In setting forth the basis for its conclusion that Andrew had failed to assert facts that would support a claim for a violation of his First Amendment rights, the district court accurately summarized the rule announced in Garcetti as follows: "[w]hen public employees make statements pursuant to their official duties, they are not speaking as citizens for First Amendment purposes and therefore are not insulated from ‘managerial discipline’ based on such statements." The district court failed, however, to recognize that the Supreme Court also stressed in Garcetti that "the parties in this case do not dispute that [the plaintiff] wrote his disposition memo pursuant to his employment duties. We thus have no occasion to articulate a comprehensive framework of the scope of an employee’s duties in cases where there is room for serious debate." Accordingly, because the parties do not agree that the facts demonstrate that Andrew wrote his memorandum as part of his official duties, contrary to the district court’s conclusion, the facts alleged in Andrew’s second amended complaint do not "render Garcetti wholly applicable." At this stage of the proceedings in this matter, we must conclude that there is "room for serious debate" regarding whether Andrew had an official responsibility to submit a memorandum regarding the Smith shooting. (citations omitted)
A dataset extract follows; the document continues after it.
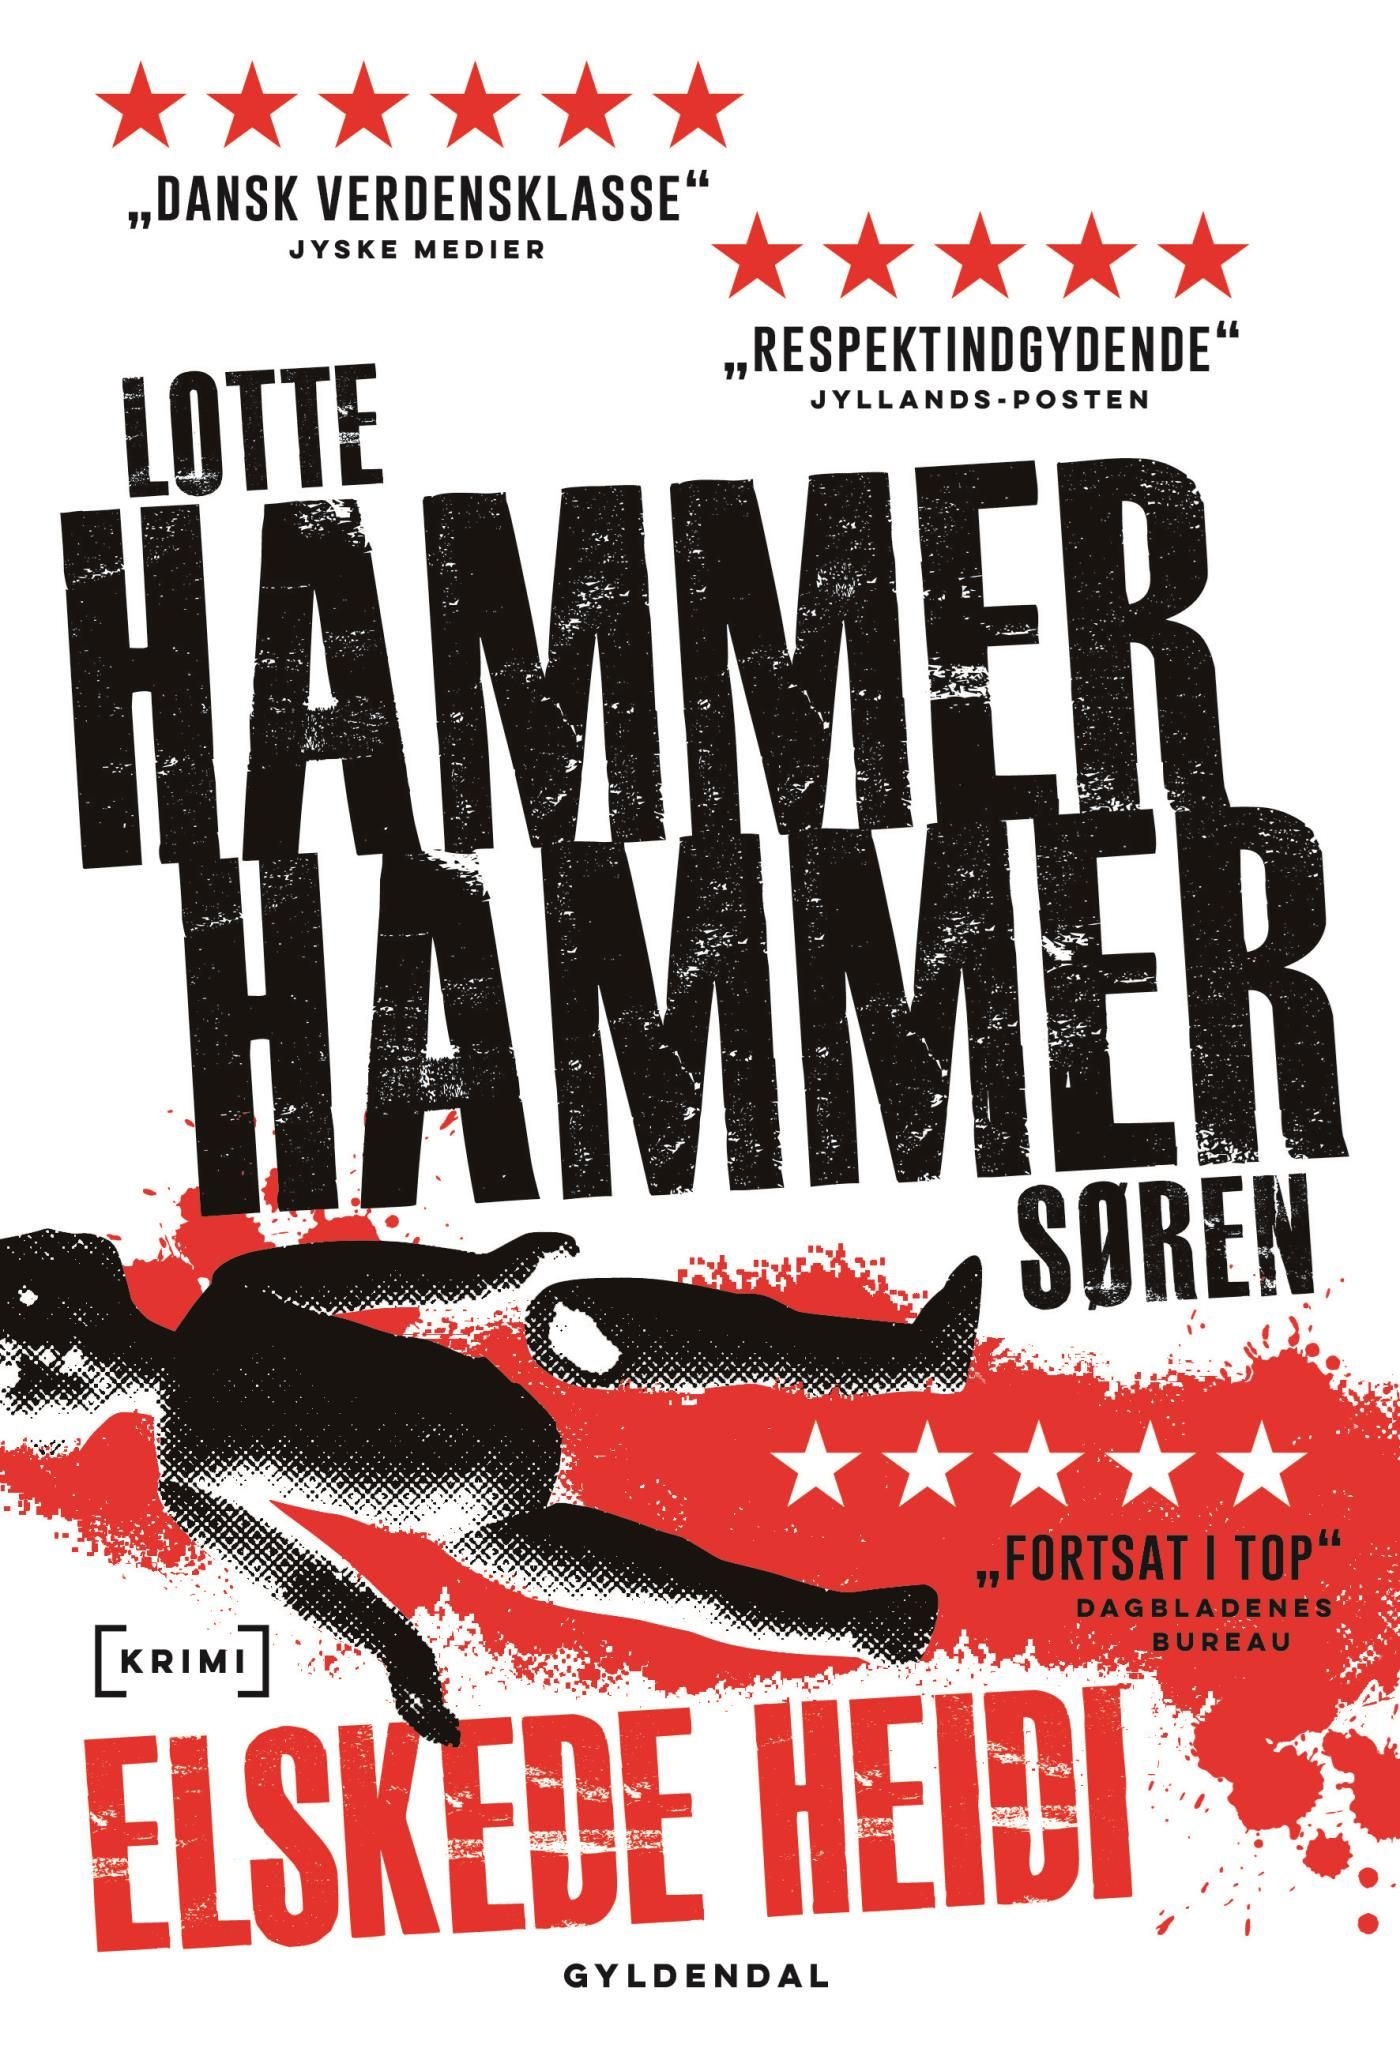 Elskede Heidi, e-bok av Lotte og Søren Hammer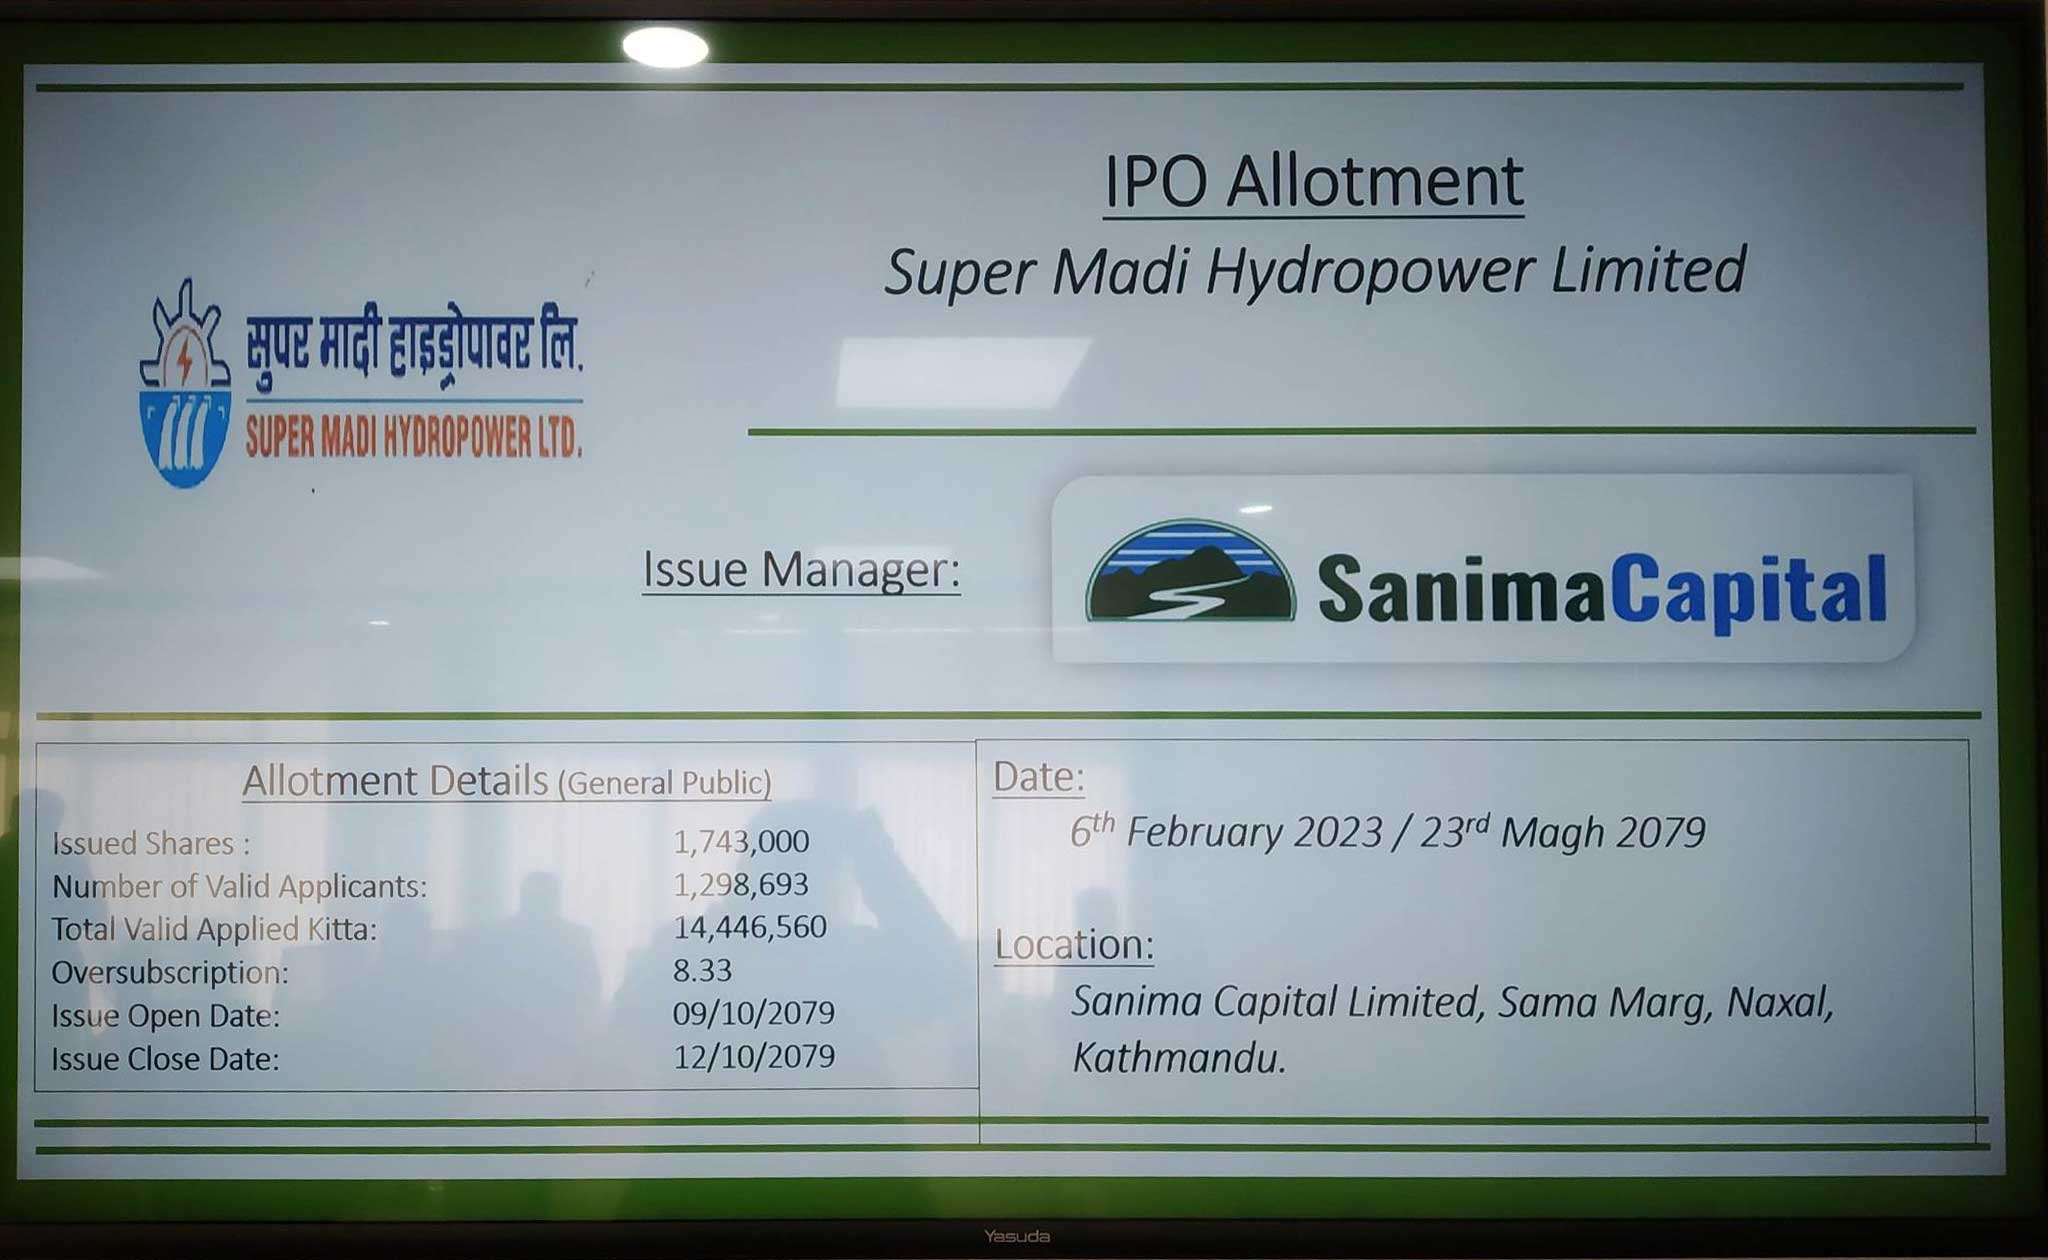 सुपर मादी हाइड्रोपावरको आईपीओ बाँडफाँट, १ लाख ७४ हजार ३०० जनाले पाए १० कित्ताका दरले शेयर

The evidence in the record at this stage of the case—the motion to dismiss stage—asserted that Andrew was under no duty to write the memorandum.  (The district court wrote that Andrew conceded that writing the memorandum was part of his job, but at oral argument, defendants’ counsel told the Fourth Circuit panel that was not so.)  Therefore, according to the Fourth Circuit, Andrew’s speech may be protected by the First Amendment, subject to the requirements of Pickering v. Board of Education, 391 U.S. 563 (1968).  Whether Andrew could show that the speech was “citizen speech” about a matter of public concern or whether the publication of the memorandum “affected the operation of the BPD,” as required by Garcetti and Pickering, had not been answered by the district court and could be tested upon summary judgment motions.

It remains to be seen whether Andrew’s release of the memorandum to the Sun will be considered protected speech—stay tuned.

The concurring opinion authored by Judge Wilkinson does an excellent job of putting the Andrew opinion in context and explains why the outcome at this stage is a win for the media.  Here is a excerpt (but we recommend you read the entire concurrence):

To throw out this citizen who took his concerns to the press on a motion to dismiss would have profound adverse effects on accountability in government. And those effects would be felt at a particularly parlous time. It is well known that the advent of the Internet and the economic downturn have caused traditional news organizations throughout the country to lose circulation and advertising revenue to an unforeseen extent. As a result, the staffs and bureaus of newsgathering organizations—newspapers and television stations alike—have been shuttered or shrunk. Municipal and statehouse coverage in particular has too often been reduced to low-hanging fruit. The in-depth investigative report, so essential to exposure of public malfeasance, may seem a luxury even in the best of economic times, because such reports take time to develop and involve many dry (and commercially unproductive) runs. And in these most difficult of times, not only investigative coverage, but substantive reports on matters of critical public policy are increasingly shortchanged. So, for many reasons and on many fronts, intense scrutiny of the inner workings of massive public bureaucracies charged with major public responsibilities is in deep trouble. . . . [T]he First Amendment should never countenance the gamble that informed scrutiny of the workings of government will be left to wither on the vine. That scrutiny is impossible without some assistance from inside sources such as Michael Andrew. Indeed, it may be more important than ever that such sources carry the story to the reporter, because there are, sad to say, fewer shoeleather journalists to ferret the story out.